Given material:
%%

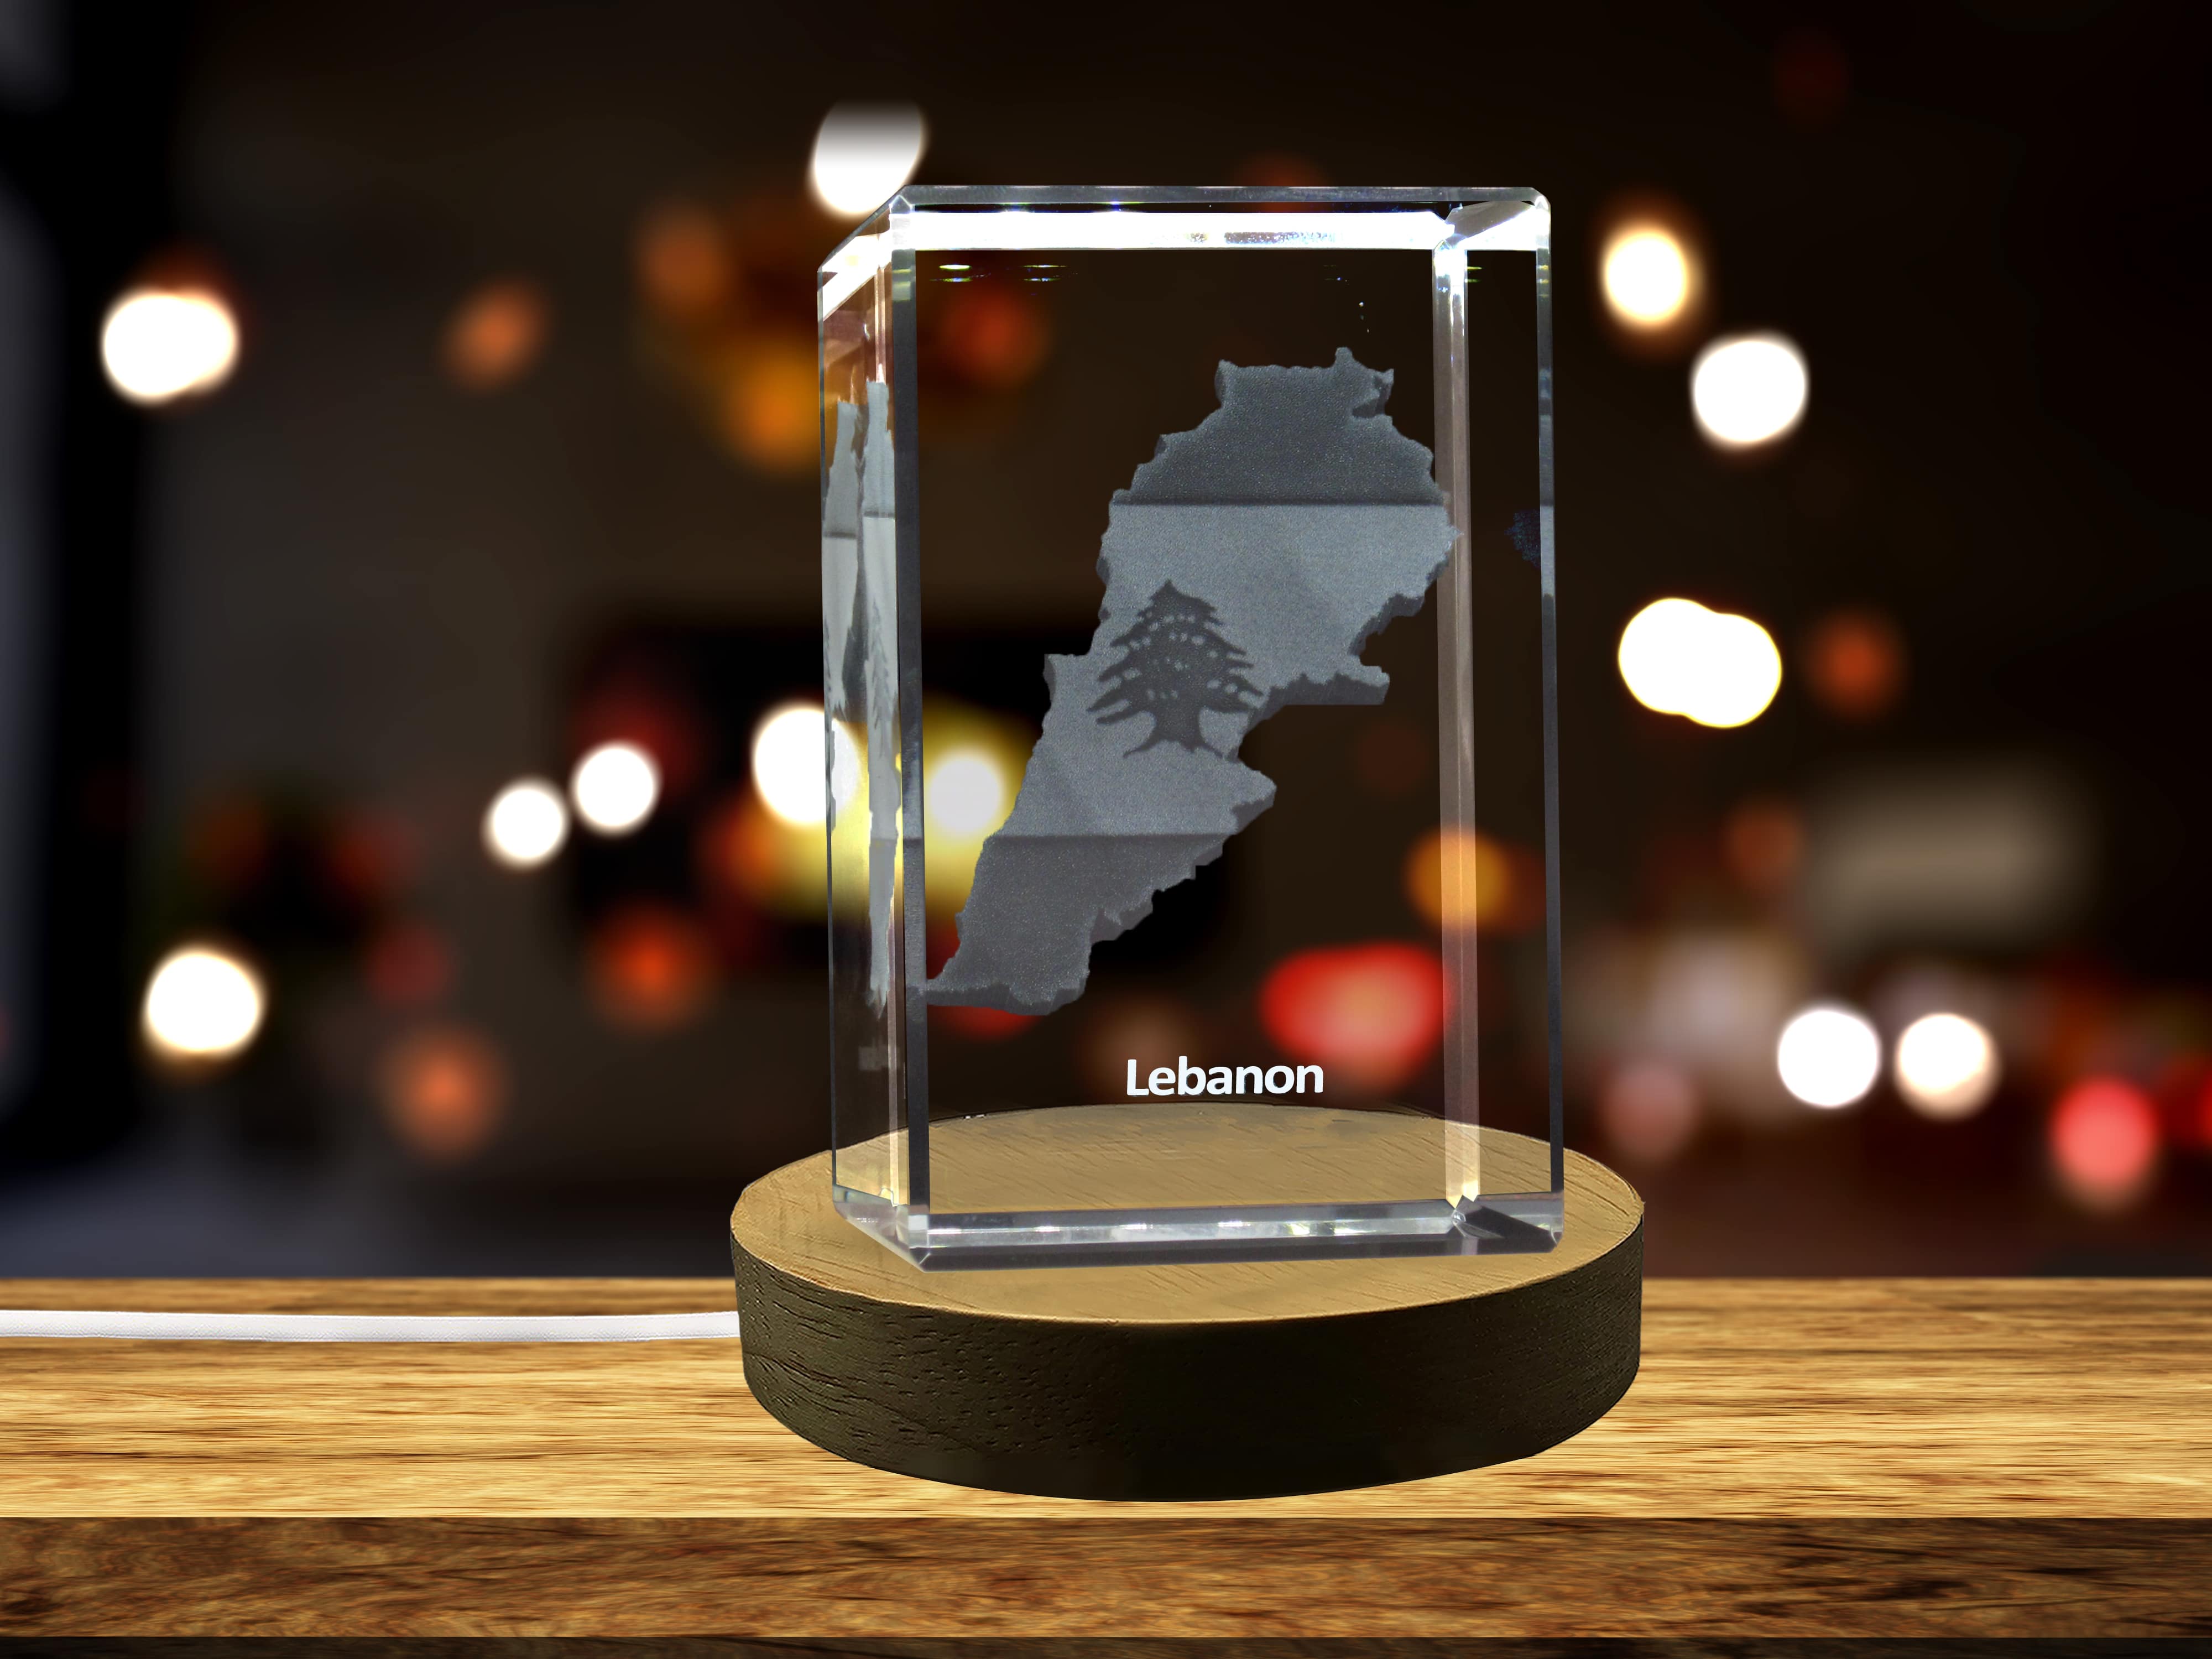 Lebanon 3D Engraved Crystal 3D Engraved Crystal Keepsake/Gift/Decor/Collectible/Souvenir A&B Crystal Collection
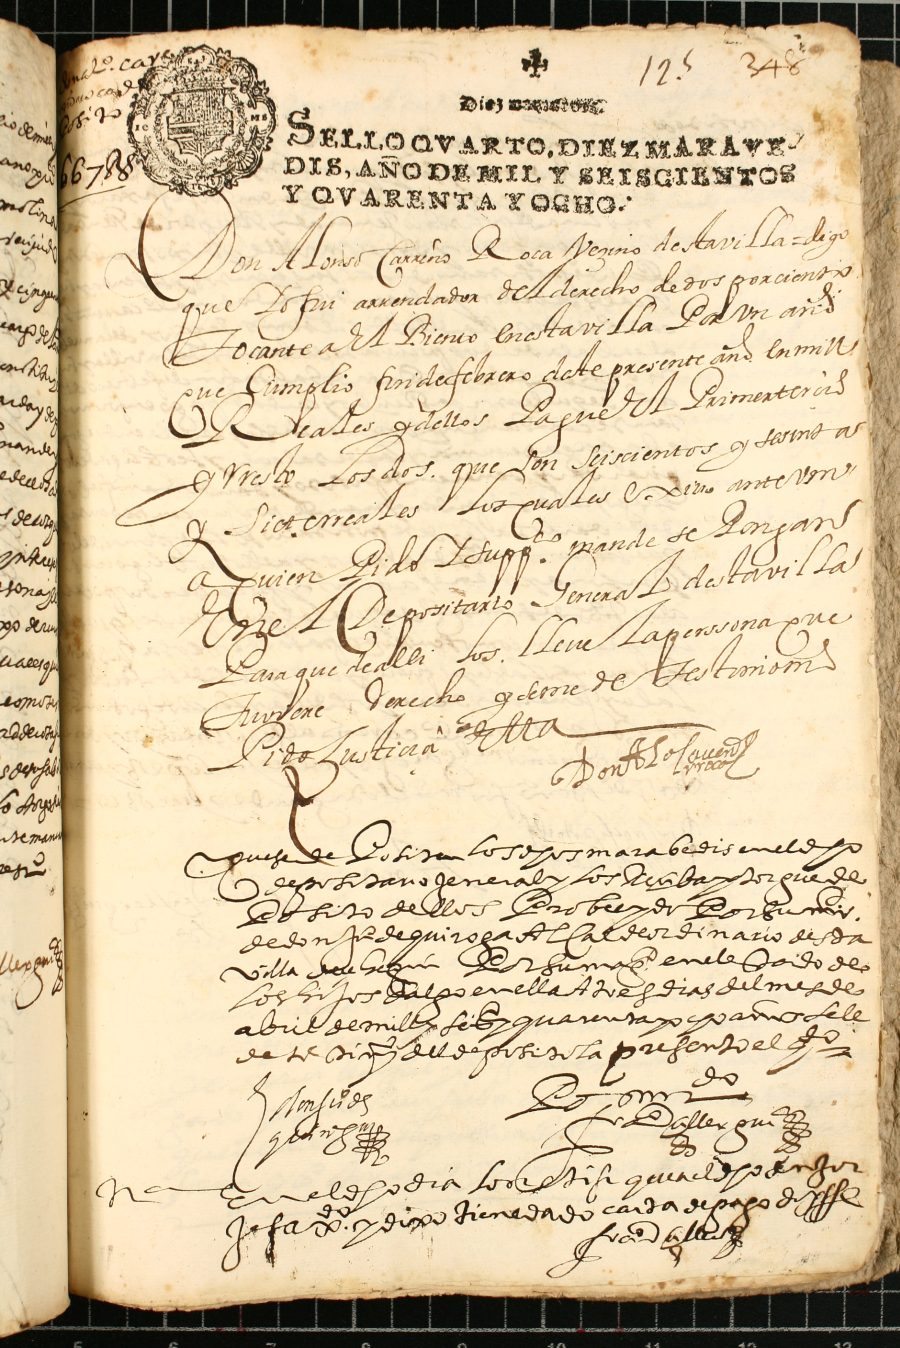 Depósito realizado por Alonso Carreño Roca, vecino de Cehegín y arrendador del derecho del 2% del viento durante un año que cumplió en febrero de 1648, al depositario general.
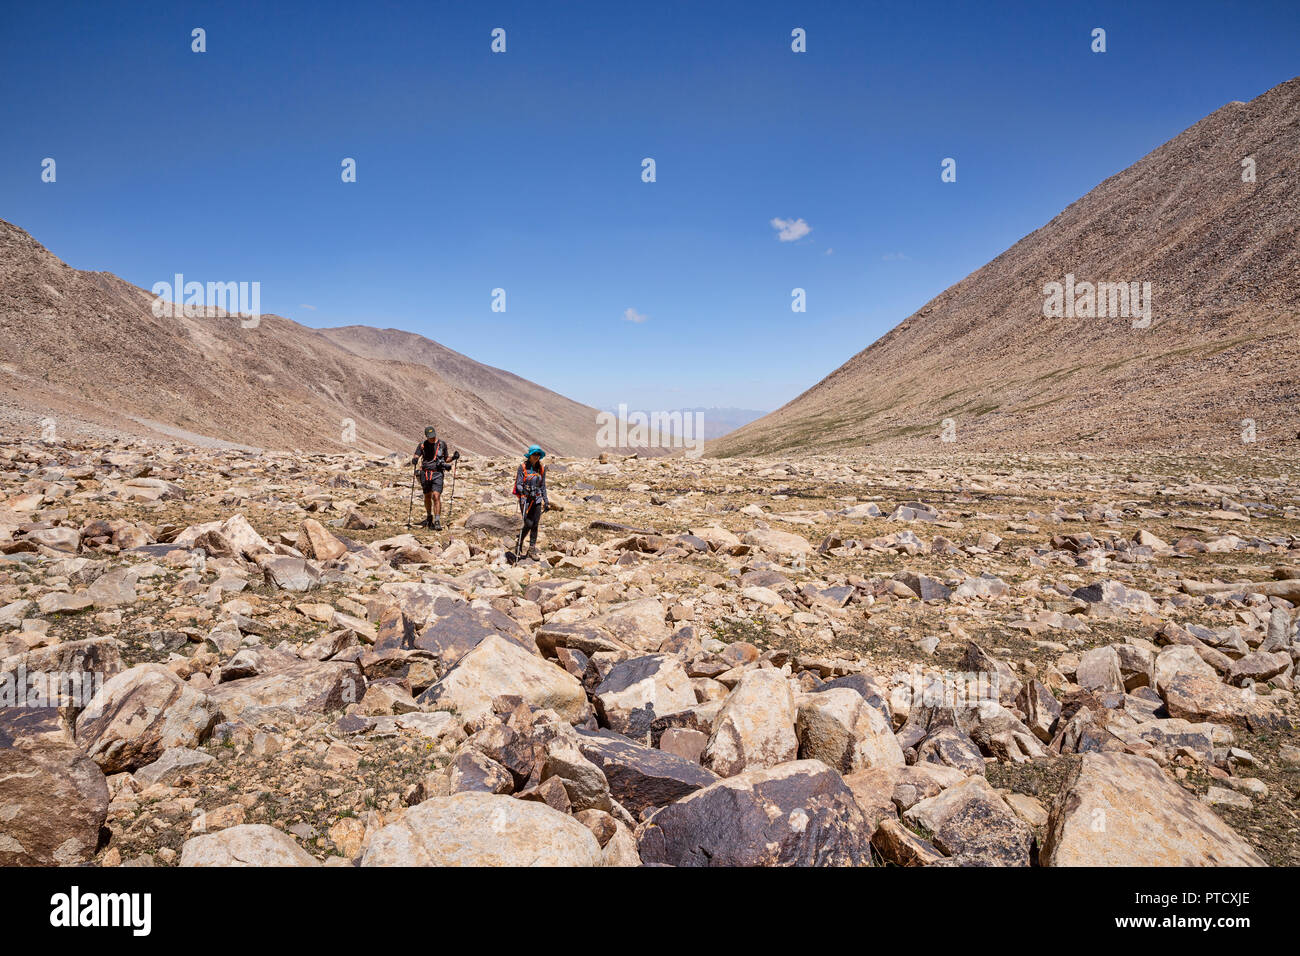 Spektakuläre high-altitude Trek von Keng Shiber Kara Jilga Zorkul, See und Wanderungen in den Schatten der großen afghanischen Pamir Pamir Mounta Stockfoto
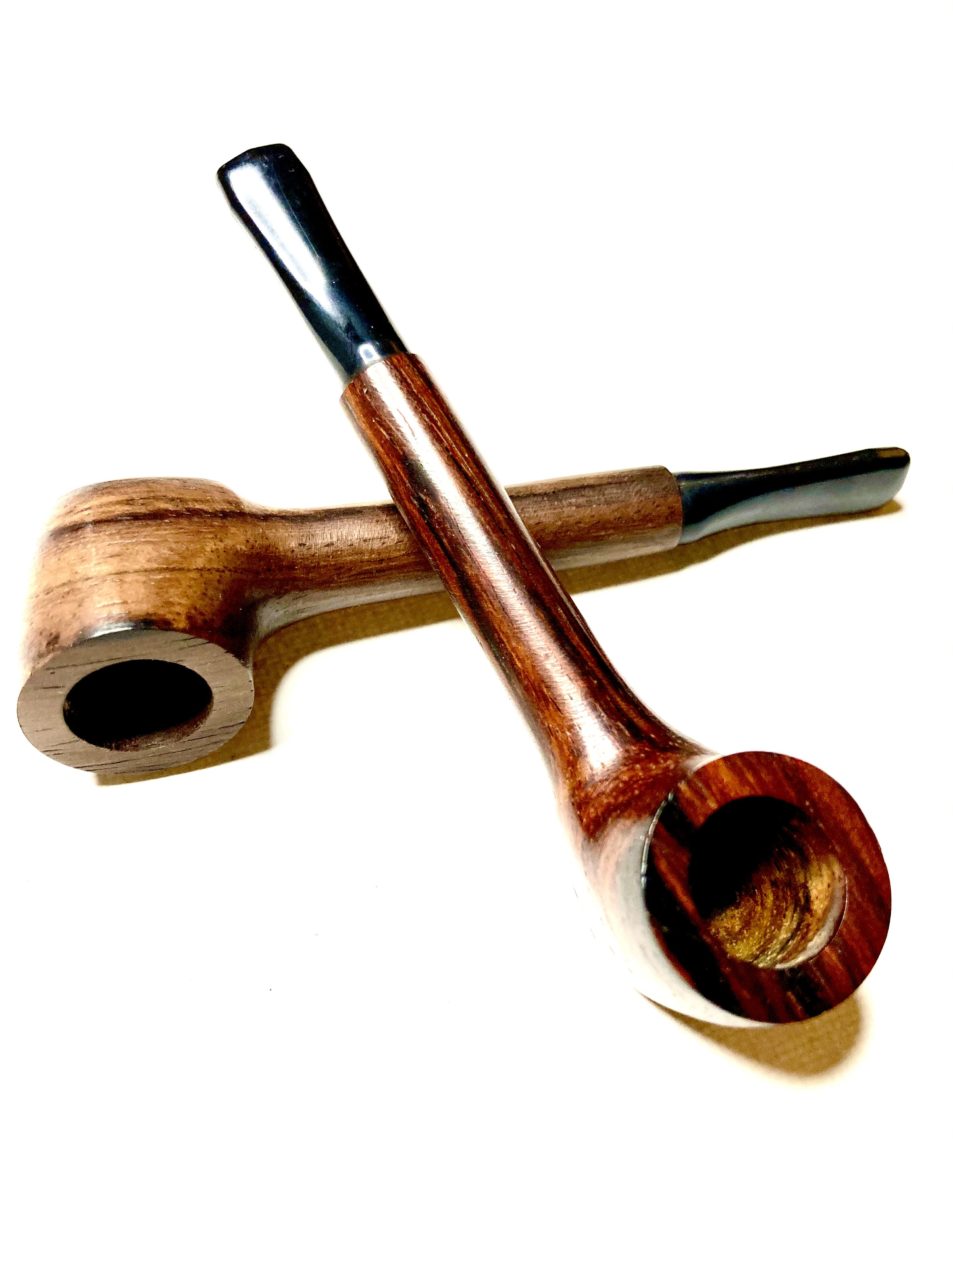 Wood carved smoking pipe Wooden Pipes Smoking pipe Breeze Wooden Pipes Tobacco pipes Tobacco Bowl Tobacco smoking pipe

%%

Prompt: Repeat the listing above exactly, omitting the pictures it contains.

Solution to this problem:
 Lebanon 3D Engraved Crystal 3D Engraved Crystal Keepsake/Gift/Decor/Collectible/Souvenir A&B Crystal Collection
 Depósito realizado por Alonso Carreño Roca, vecino de Cehegín y arrendador del derecho del 2% del viento durante un año que cumplió en febrero de 1648, al depositario general.
 Spektakuläre high-altitude Trek von Keng Shiber Kara Jilga Zorkul, See und Wanderungen in den Schatten der großen afghanischen Pamir Pamir Mounta Stockfoto
 Wood carved smoking pipe Wooden Pipes Smoking pipe Breeze Wooden Pipes Tobacco pipes Tobacco Bowl Tobacco smoking pipe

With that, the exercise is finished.